With considerable improvement in survival over past decades and corresponding decrease in morbidity [30], identification of prognostic markers should help us in further improving patient outcomes. However, our study did not find any significant association between these markers and overall survival and, although the survival was better with low NLR and high LMR for all cutoffs, it did not reach statistical significance. One of the reasons for this may be that, although, individually, this test may not be predictive of survival, a combination of two or more of these variables may be a better marker to assess prognosis. The systemic immune-inflammation index (SII), calculated with lymphocyte, neutrophil, and platelet counts, has been shown to be an independent negative predictor of disease-free survival in resectable PDAC [31] as well as OS when evaluated as a continuous variable rather than preoperative value in patients given neoadjuvant chemotherapy [32]. It has also been shown to be better than neutrophil-to-lymphocyte ratio (NLR) or the platelet-to-lymphocyte ratio (PLR) for prediction of OS in patients with resectable PDAC [33]. Also, as inflammatory markers are dynamic, they may change during the treatment course. Thus, instead of assessing these variables at a point in time, looking at change of values over the course of treatment might be a better way of utilizing their potential. This may be of significance as neoadjuvant approach is being increasingly used to treat borderline resectable pancreatic cancers. Glazer et al. in their study of BRPCs did not find NLR value alone (pre- and post-chemo) as predictive of survival, but an increase in values over course of chemotherapy to be associated with poor survival post-resection [28].

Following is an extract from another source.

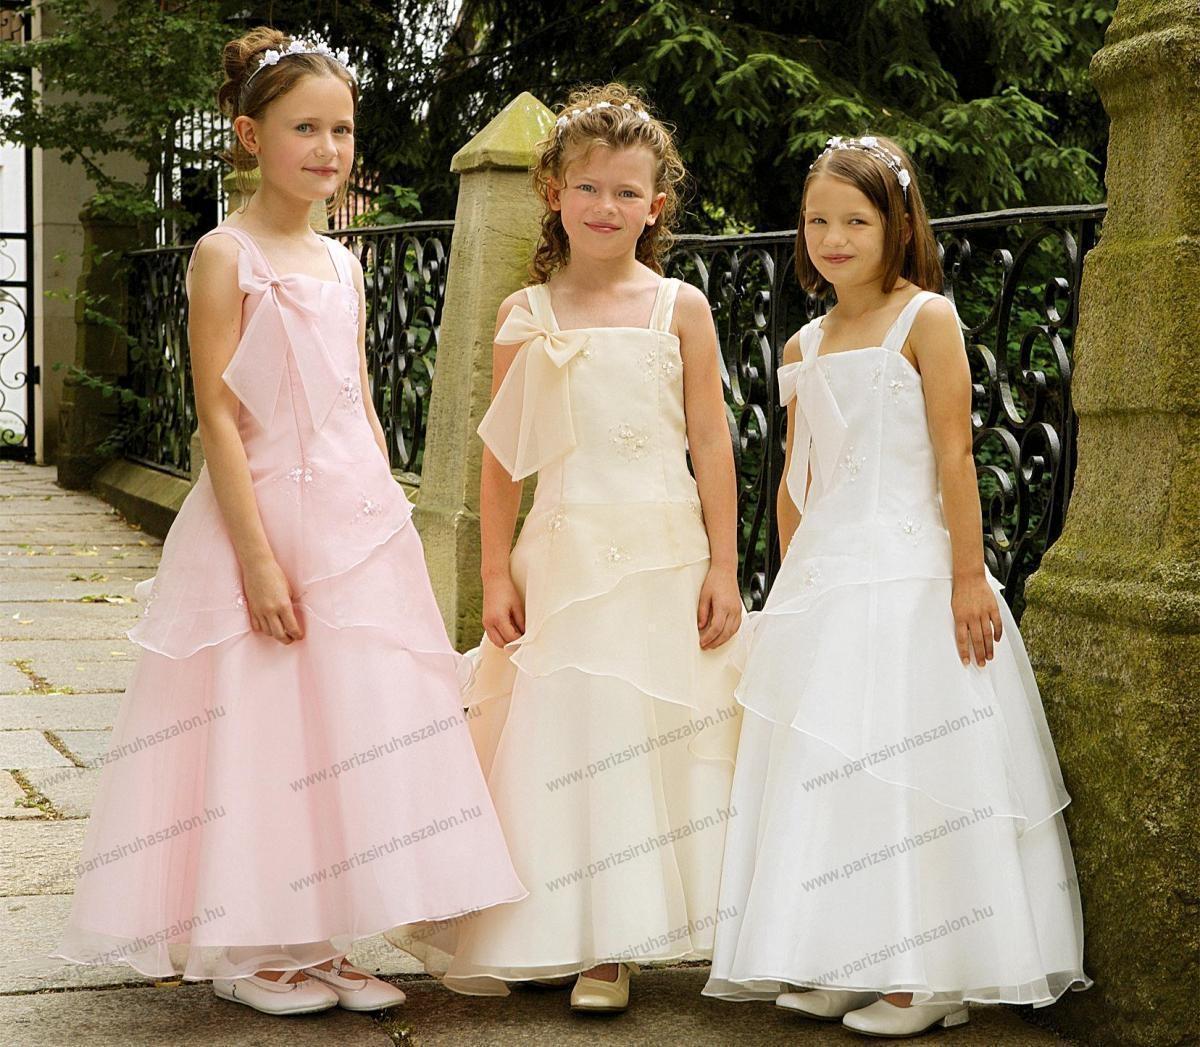 dc1d04ea56 Koszorúslány ruha 110 cm EMMERLING 91311   Koszorúslány és alkalmi ruhák  Emmerling. (cikkszám: EMMERLING 359)

The main limitation of our study is its single-center, retrospective design with a relatively small sample size. Larger, multicenter studies will give a better answer to the applicability of these markers. To summarize, although literature is replete with studies that have shown correlation of survival with proinflammatory markers, their applicability is still contentious. Many of the studies had heterogeneous population groups with regards to management (surgical or non-surgical), cutoff value used, the timing of sample collection, presence of associated inflammatory condition, and tumor stage. Thus, there is still an ambiguity involved in using these markers for the purpose of prognostication. Further larger trials using combination of markers measured preoperatively for upfront resectable patients or assessing response of these markers following neoadjuvant treatment for BRPC are needed. Till robust data on their use is available, it may be counterproductive if these markers are used for definitive decision making.

Conclusion

The NLR, PLR, and LMR were not found to correlate with overall survival in operated patients with pancreatic ductal adenocarcinomas in our study. A combination of inflammatory markers or their dynamic testing might probably achieve prognostic significance.